Can OracleAS Web Cache be used as a reverse proxy?

Yes. OracleAS Web Cache is a reverse proxy cache.

How does OracleAS Web Cache support server load balancing and failover?

OracleAS Web Cache uniquely combines caching and load balancing in a single offering. Logically deployed between browser client and a Web server farm, OracleAS Web Cache intercepts all HTTP and HTTPS requests sent to the Web site and responds with a cached page if there is a valid version in the cache. All cache misses, whether cacheable or non-cacheable, are passed to the origin Web servers on the back-end. OracleAS Web Cache distributes these requests according to the relative capacity of each Web server. Web server capacity is configured by the OracleAS Web Cache administrator. Just as network load balancers do, OracleAS Web Cache can determine when a Web server has failed and then automatically redistribute the load over the remaining servers. When a Web server failure occurs, the cache periodically checks to see if the failed Web server has returned to a functional state and is capable of serving dynamically generated content. Layer 7 status checking, as this mechanism is called, not only verifies the health of the Web server, but also that of the application logic, database, and other repositories used to store and create content. As soon as the failed server returns to operation, OracleAS Web Cache will once again include it in the distribution mix.

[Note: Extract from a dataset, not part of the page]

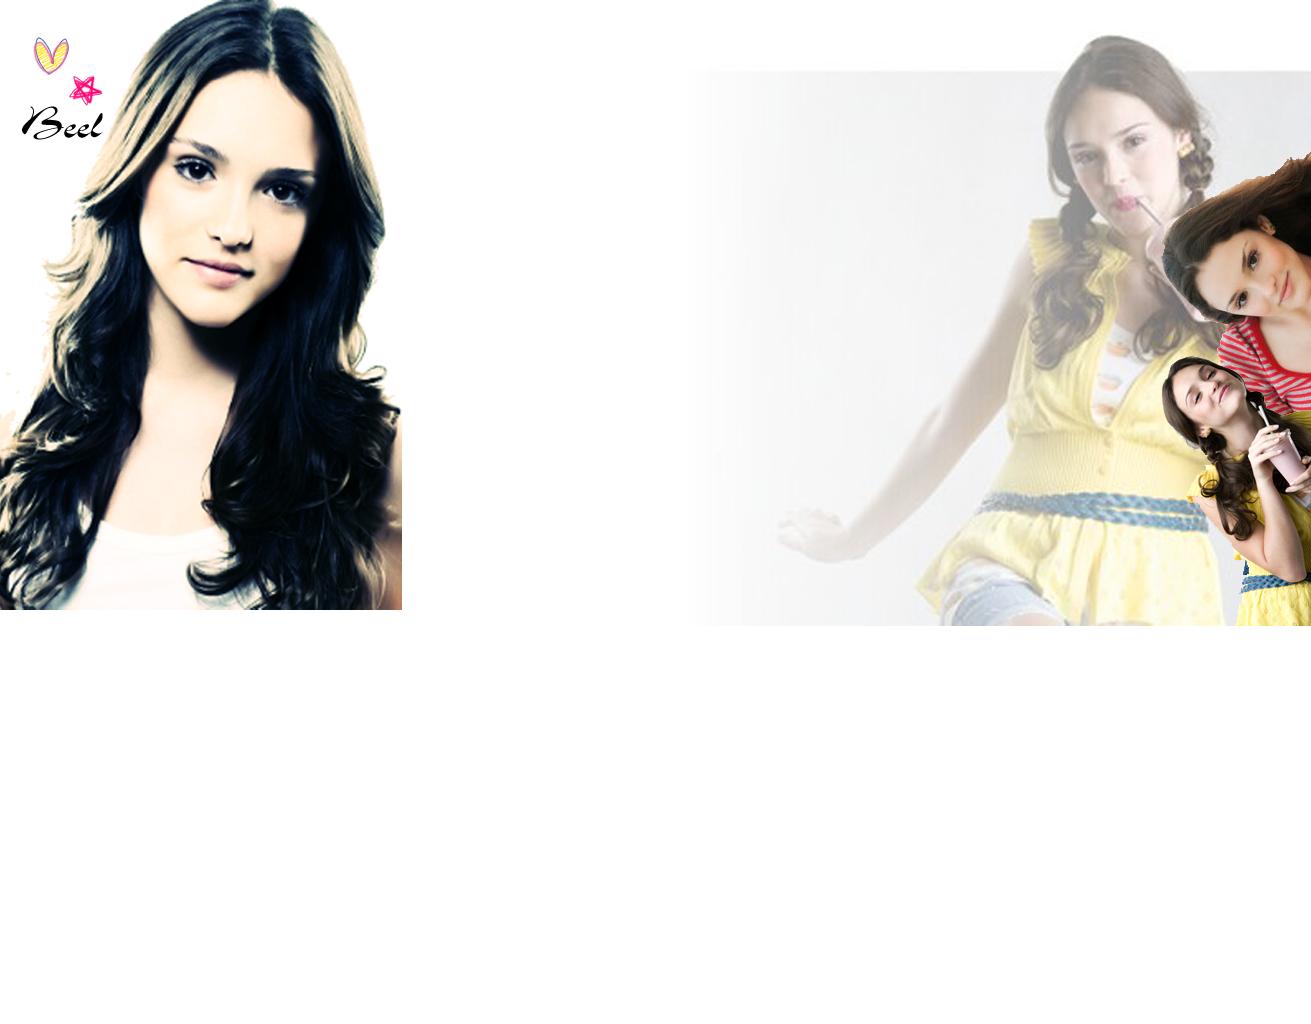 http://3.bp.blogspot.com/_Ap11XjWMo38/S6uOYczcGqI/AAAAAAAAACw/PVvi4Aepo7I/s1600/Fundo+de+Belle.jpg

Does OracleAS Web Cache support server affinity for applications that require stateful load balancing?

Yes. When required, OracleAS Web Cache guarantees the integrity of transactions, such as shopping cart purchases, by using cookies and session IDs for persistent, or "sticky", connections to Web servers.

Can OracleAS Web Cache be used as just a load balancer?

Yes. You can configure OracleAS Web Cache to distribute requests over origin Web servers without caching any responses. Of course, the bigger value in terms of ROI comes when you start caching, compressing, and assembling dynamically generated content.

Can OracleAS Web Cache be used without a 3rd-party network load balancer?

Yes. Many customers run a single instance of OracleAS Web Cache without a 3rd-party network load balancer. For these customers, the cache's excellent stability combined with its auto-restart functionality provides adequate system availability. Nevertheless, Oracle recommends that customers run OracleAS Web Cache "behind" a hardware load balancer in order to avoid a single point of failure. Customers wishing to avoid the use of an external load balancer can take advantage of high availability features built into the host operating system (for example, the virtual IP, load distribution, and failover functionality of the Network Load Balancer service for the Microsoft Windows platform).

Does OracleAS Web Cache support connection pooling?

Yes. The cache maintains a connection pool between itself and the origin Web servers for faster update transactions and retrieval of new or changed content.

Does OracleAS Web Cache support virtual hosting?

Yes. Refer to OracleAS Web Cache Administrator's Guide on the configuration details.

What are surge protection and performance assurance?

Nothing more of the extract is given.